SQL Counting and Filtering Lesson

The SQLite data

Here are the quick links to the downloadable SQLite databases that we’re using today. The .sqlite file extension is arbitrary, it’s just there so that when we look at the filename (from among many that we download), we have a reminder of what the file may be. The DB Browser can open any file you point it to.

However, SQLite databases are indeed a binary file format. Open it in Excel and it will throw an error. Open it in a plain text editor and you’ll get gibberish.

Census Most Frequent Surnames for 2000 and 2010

As practiced in this assignment – except with all of the data in one table, as opposed to separate spreadsheets. : CanViz: Popular surnames as recorded by the U.S. Census [2017-10-11]
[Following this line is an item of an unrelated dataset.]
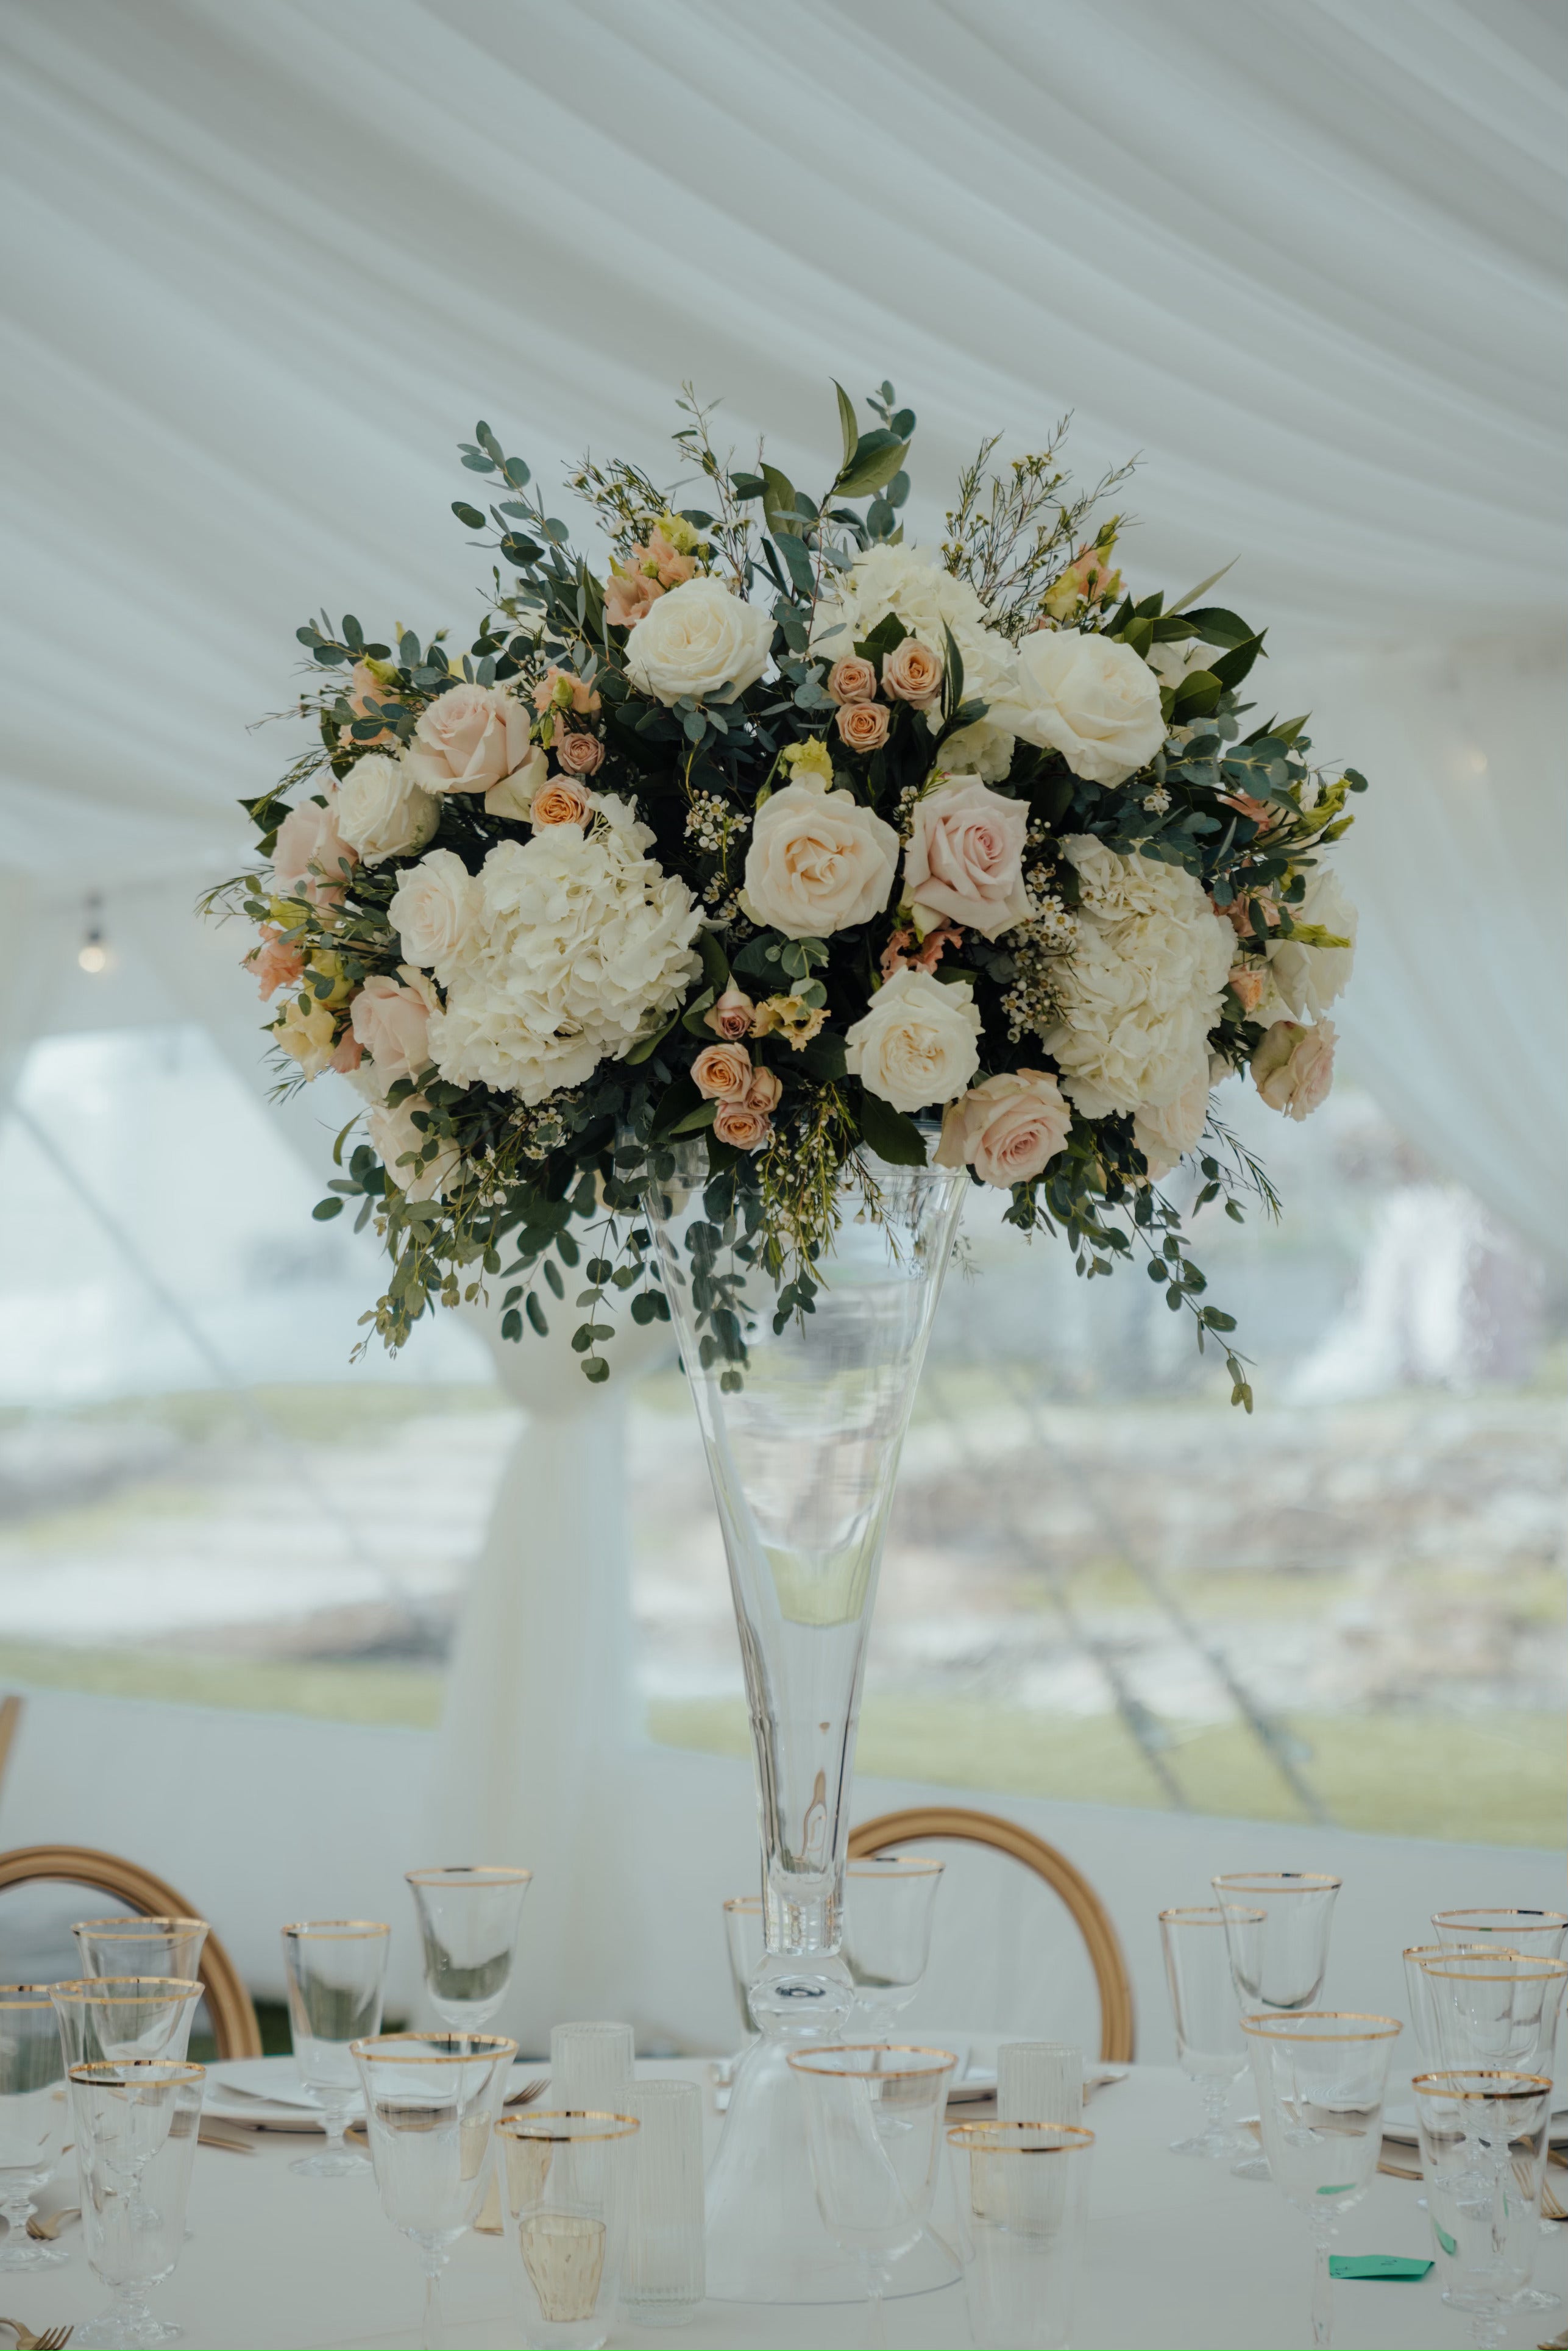 Stunning wedding centerpiece featuring flowers in a tall, trumpet-shaped glass vase

Download: census_surnames.sqlite

Palo Alto Public Salaries, from 2011 to 2016

As practiced in this assignment – except with all of the data, 2011 through 2016, in one table, not just 2014 and 2016: : Palo Alto Pay Aggregated, 2014 vs 2016 [2017-10-16]

Download: palo-alto-salaries.sqlite

Reference

Previous lessons for Reading

I’ve been wanting to streamline and prettify these lessons, but they pretty much cover the concepts exactly as I would in any year. The lessons refer to different downloaded datasets – this is a minor detail that you can figure out, or if you can’t, you can download the past versions of data. It doesn’t matter for our purposes, as the SQL programming is the same.

Counting, sorting, and filtering with SQL, plus Answers

Assuming you’ve dowloaded this SQLite data:

Attempt to answer these questions: SQL Counting/Sorting/Filtering (Questions)

The answers for ssa-babynames

  • The first records (just name, sex, year) in the babynames database

    SELECT
        name, sex, year
    FROM
        babynames
    LIMIT 5;
    
  • Top 5 popular baby names of all time

    SELECT
        name, sex, count, year
    FROM
        babynames
    ORDER BY
        count DESC
    LIMIT 5;
    
  • Top 5 female babynames in 1991

    (no need to inclue sex, since it’s all female)

    SELECT
        name, count, year
    FROM
        babynames
    WHERE
        sex = 'F'
        AND year = 1991
    ORDER BY
        count DESC
    LIMIT 5;
    
  • How the female name “Jenny” compares to “Jennifer” in 2001

    SELECT
        name, count
    FROM
        babynames
    WHERE
        sex = 'F'
        AND year = '2001'
        AND
            (name = 'Jennifer' OR name = 'Jenny');
    
  • How the male names ‘Noah’, ‘Jordan’, and David compare, in 1980 and 2010

    Include the year column and sort it by both year and order to get a listing in which it’s easy to compare the years.

    SELECT
        name, year, count
    FROM
        babynames
    WHERE
        sex = 'M'
        AND
            year IN(1980, 2010)
        AND
            name IN('David', 'Noah', 'Jordan')
    ORDER BY
        year ASC,
        count DESC;
    
  • The 10 most popular names in 2009 that began with a vowel

    SELECT
        name, sex, count
    FROM
        babynames
    WHERE
        SUBSTR(name, 1, 1)
            IN ('A', 'E', 'I', 'O', 'U')
    
        AND year = 2009
    ORDER BY
        count DESC
    LIMIT 10;
    
  • The 10 most popular names in the year 2015 that begin with ‘Z’ and have at least 5 characters

    SELECT
        name, sex, year,
        LENGTH(name) AS name_length,
        count
    FROM
        babynames
    WHERE
        name_length >= 5
        AND SUBSTR(name, 1, 1) = 'Z'
        AND year = 2015
    ORDER BY
        count DESC
    LIMIT 10;